Правда, так оно и было. Во всяком случае, никогда еще она не испытывала такой настоятельной потребности, такой страсти.

– Может быть, во всем виноват твой возраст? Говорят, что женщины достигают пика сексуальной активности в возрасте тридцати – тридцати пяти лет, так что пока ты все еще на подъеме. А у мужчин этот пик приходится примерно на двадцать лет, а потом половая активность медленно идет на убыль.

– Если его активность сейчас идет на убыль, то хотела бы я увидеть, как это выглядело, когда он был на подъеме.
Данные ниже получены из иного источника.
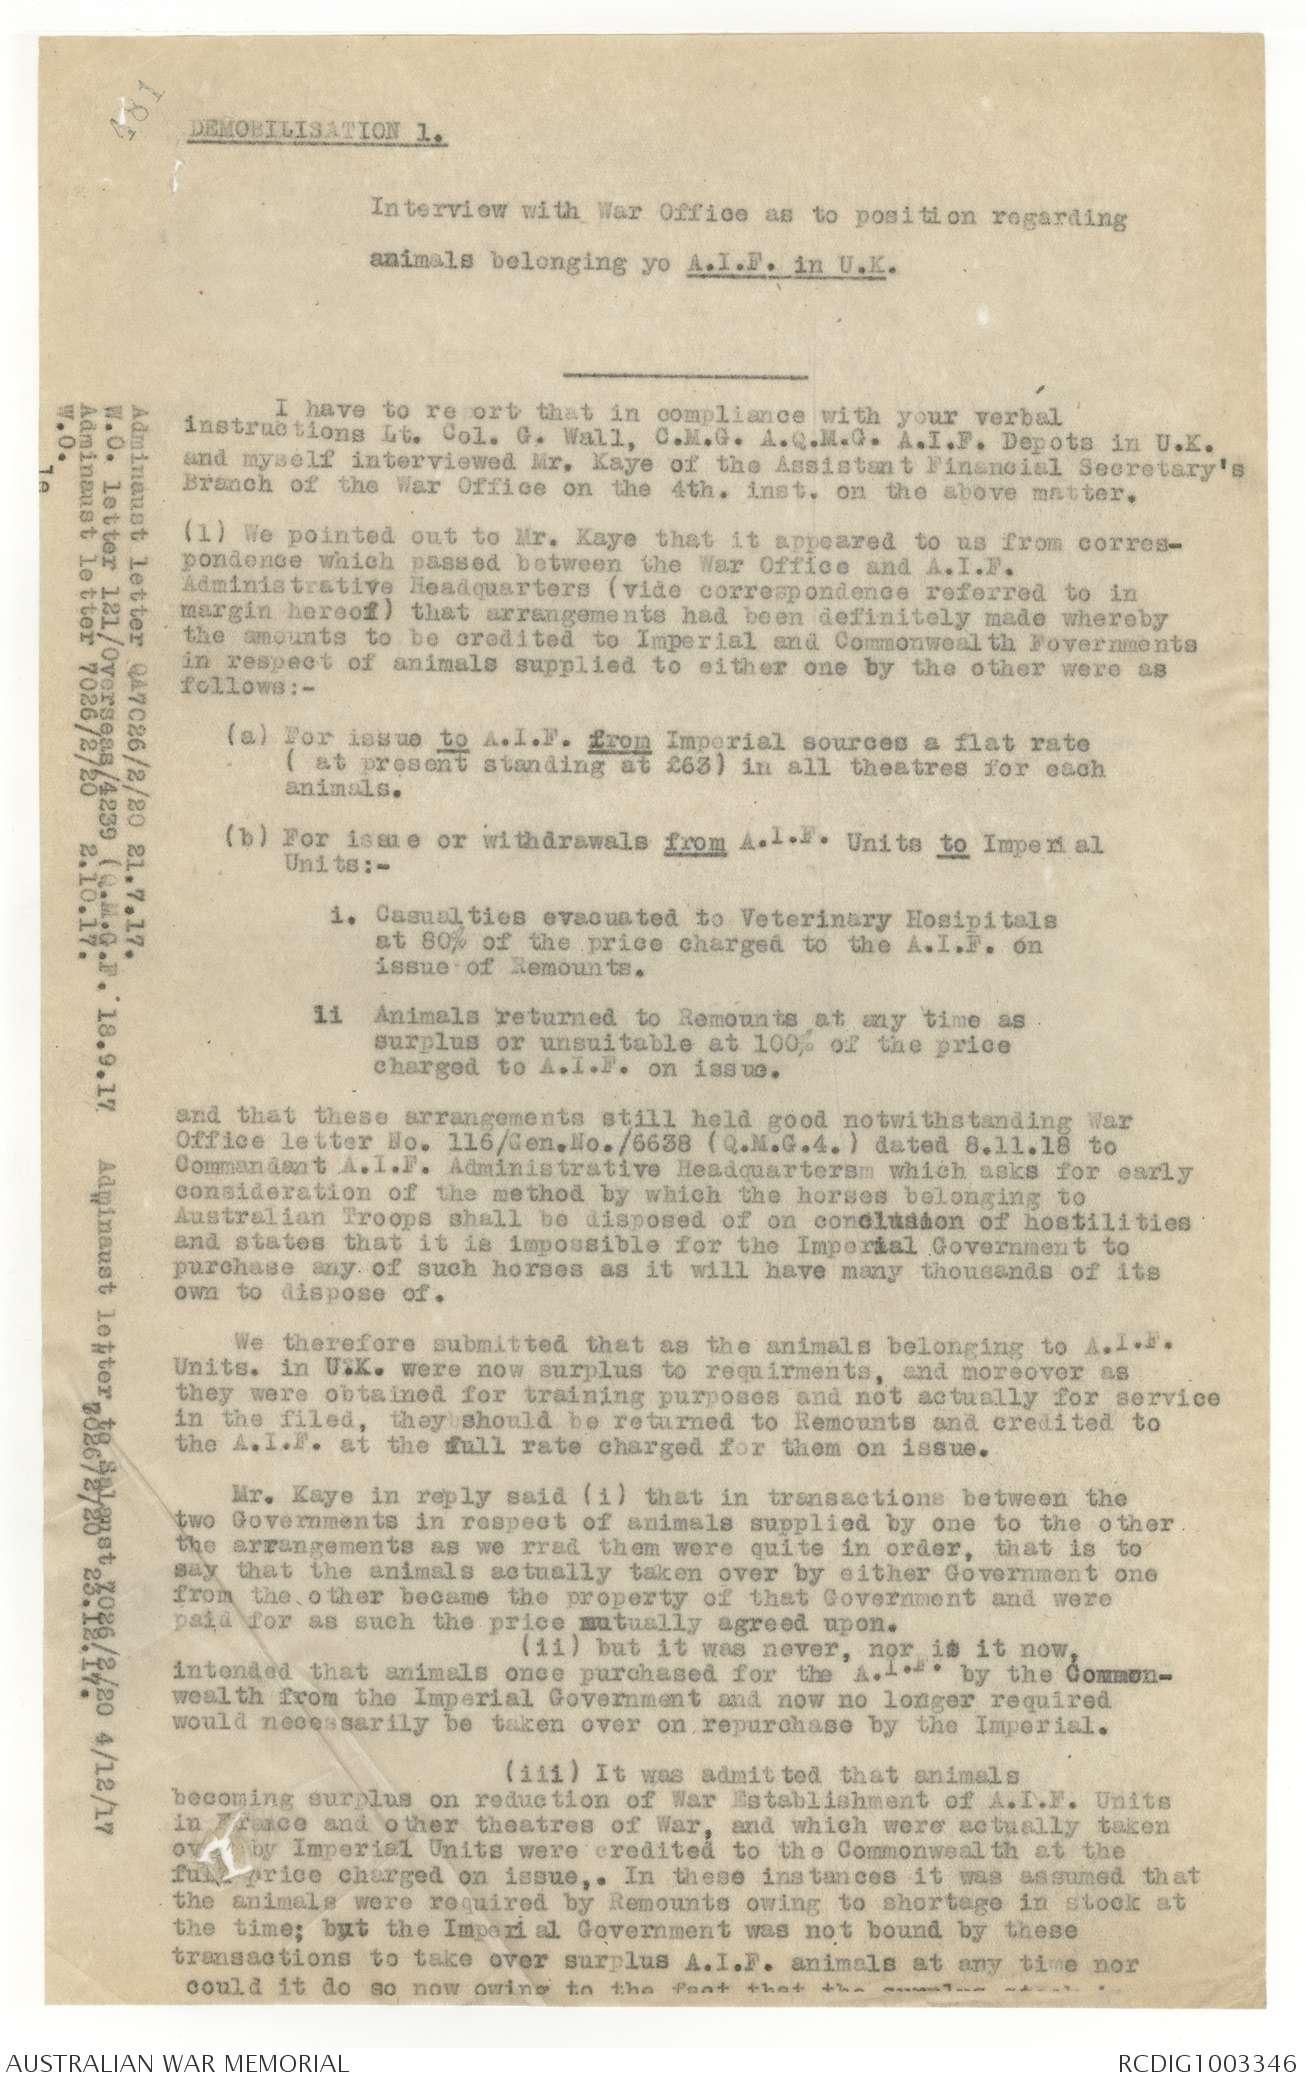 AWM4 30/1/4 PART 9 - January 1919 | The Australian War Memorial

– Ты только что видела это.

Она подавила смех, боясь разбудить его.

Клодия легонько провела кончиками пальцев по его груди, с наслаждением впитывая тепло его кожи. Очень осторожно поцеловала. Он шевельнулся, и его рука еще крепче обняла ее.

– О-ох, как приятно!

– Давненько уже не прижималась ты к мужскому телу. Ты изголодалась, причем, как тебе самой хорошо известно, не столько по физической близости, сколько по теплу и ласке.

Едва прикасаясь, она провела пальцем по его груди и животу и там смущенно остановилась.
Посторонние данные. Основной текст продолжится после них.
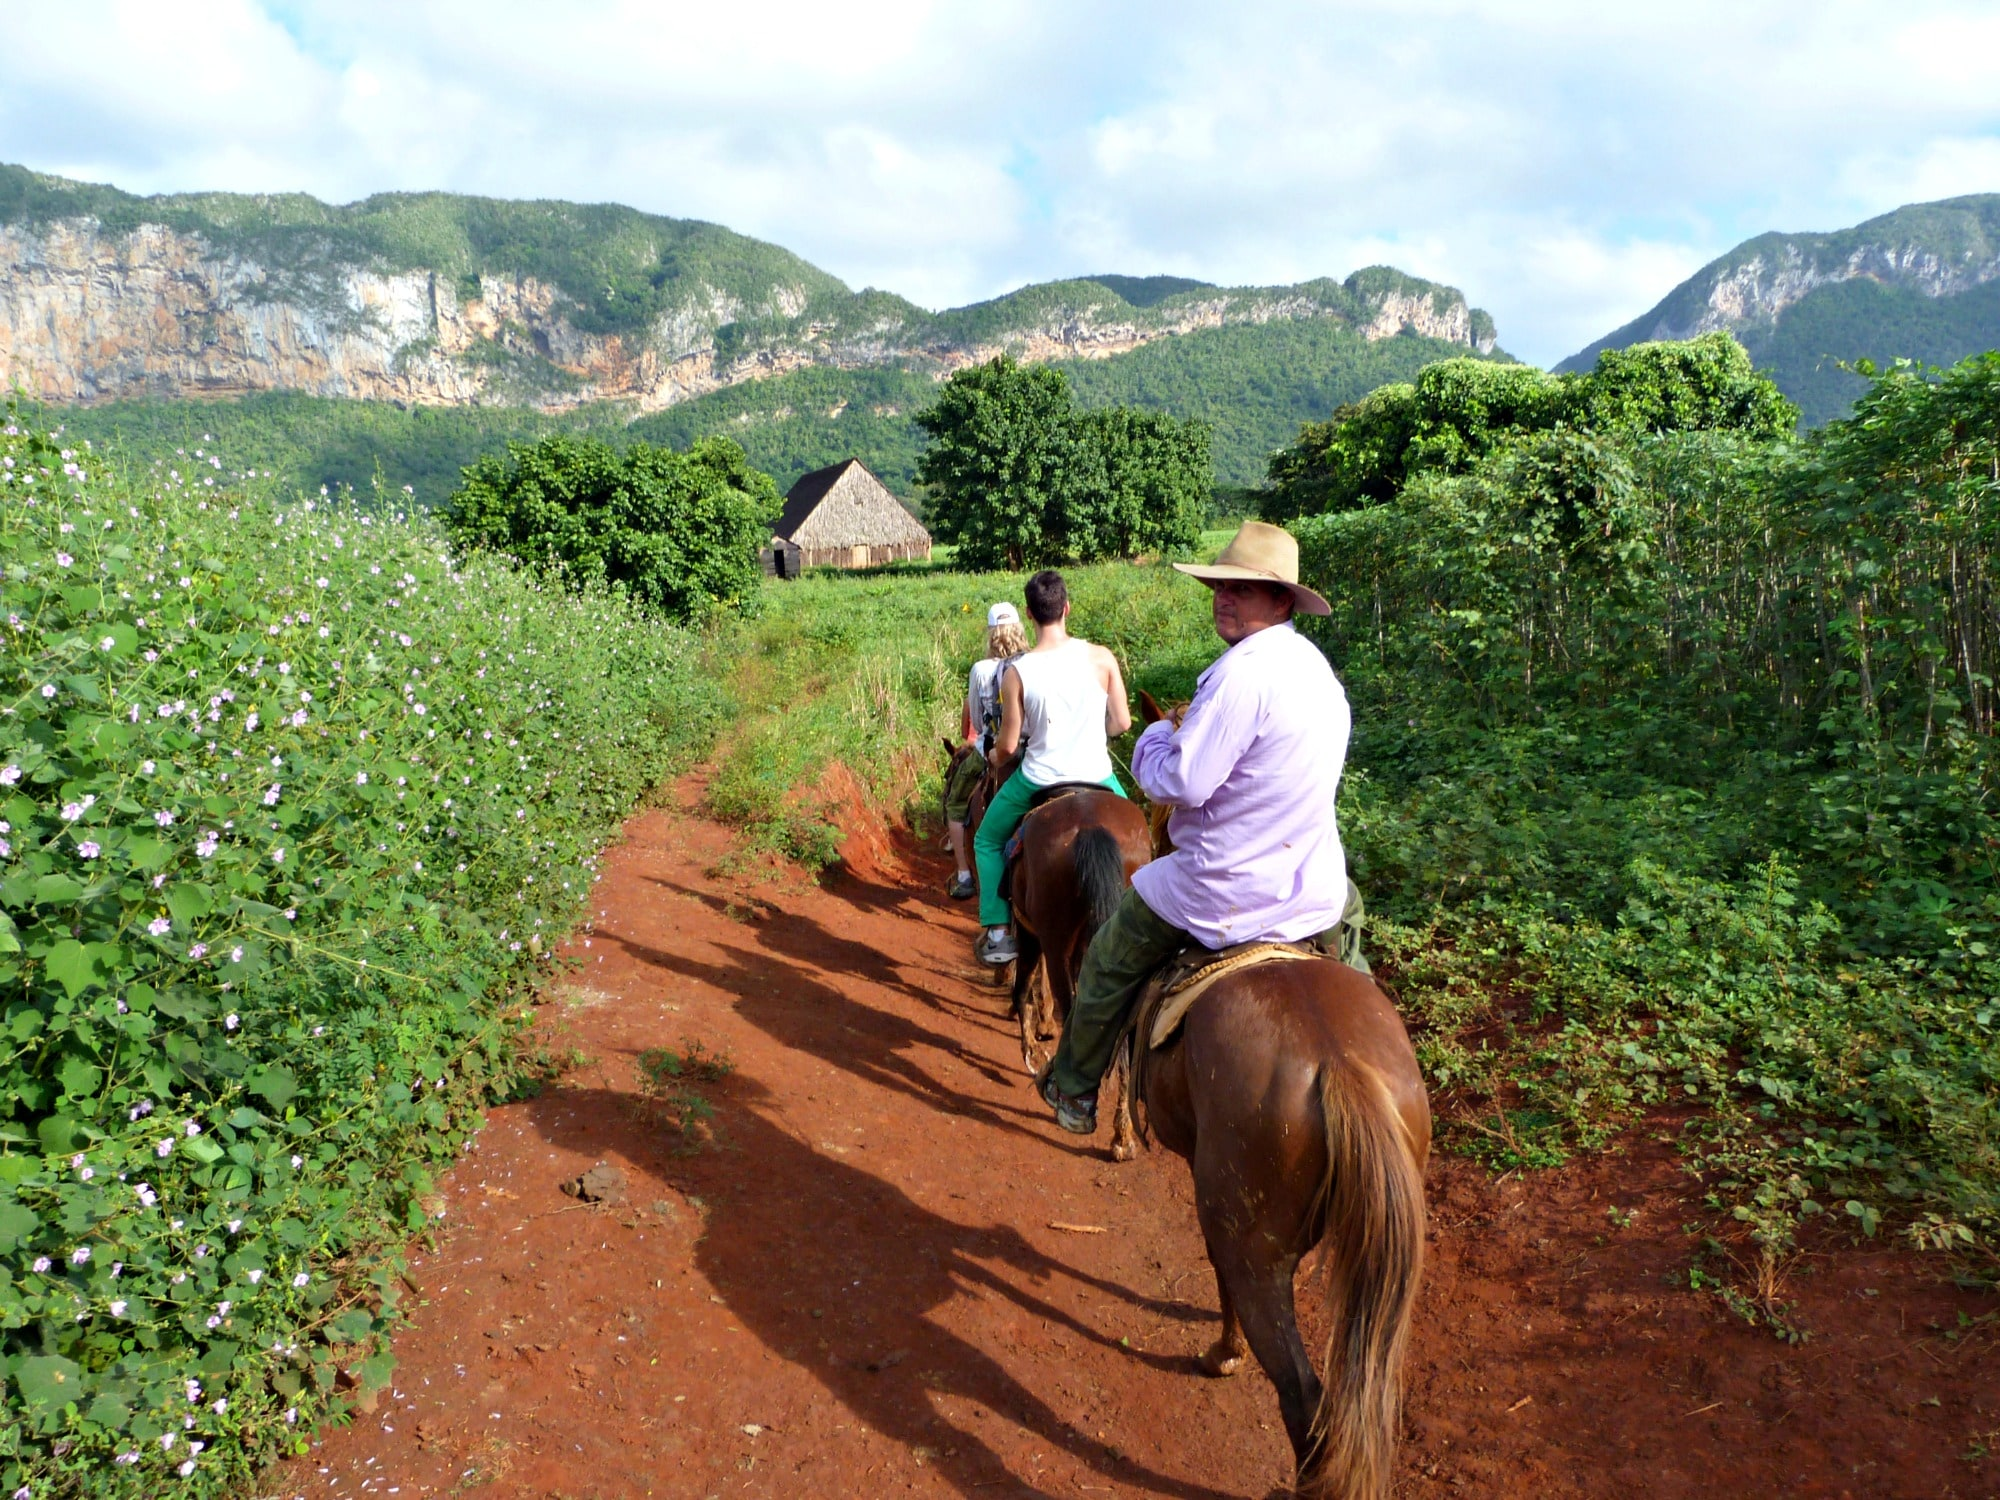 excursion-caballo-vinales-cuba-2

– Любопытно, какой он на ощупь в таком состоянии, как сейчас?

– А ты потрогай осторожненько, ведь он спит.

– Не могу!

– Почему? Он не узнает.

Ее пальцы, едва касаясь кожи, прокрались ниже. И осторожно коснулись вялого нежного объекта, который, казалось, спал так крепко, как и его хозяин.

Мягкий, как нос ягненка. Как матери-природе пришло в голову сотворить подобное? Ведь наверняка сначала были опробованы опытные образцы, в любое мгновение готовые к действию, от которых, наверное, пришлось отказаться из-за того, что они мешали человеку.

Очень нежно Клодия снова погладила его.

– Проверяешь; на месте ли он? – сонно пробормотал Гай. – Она испуганно вздрогнула.

– Я думала, что ты спишь.

– Я спал.

Клодия приподнялась на локте.

– Ты давно проснулся? – Гай открыл глаза и усмехнулся уголками губ. – Довольно давно.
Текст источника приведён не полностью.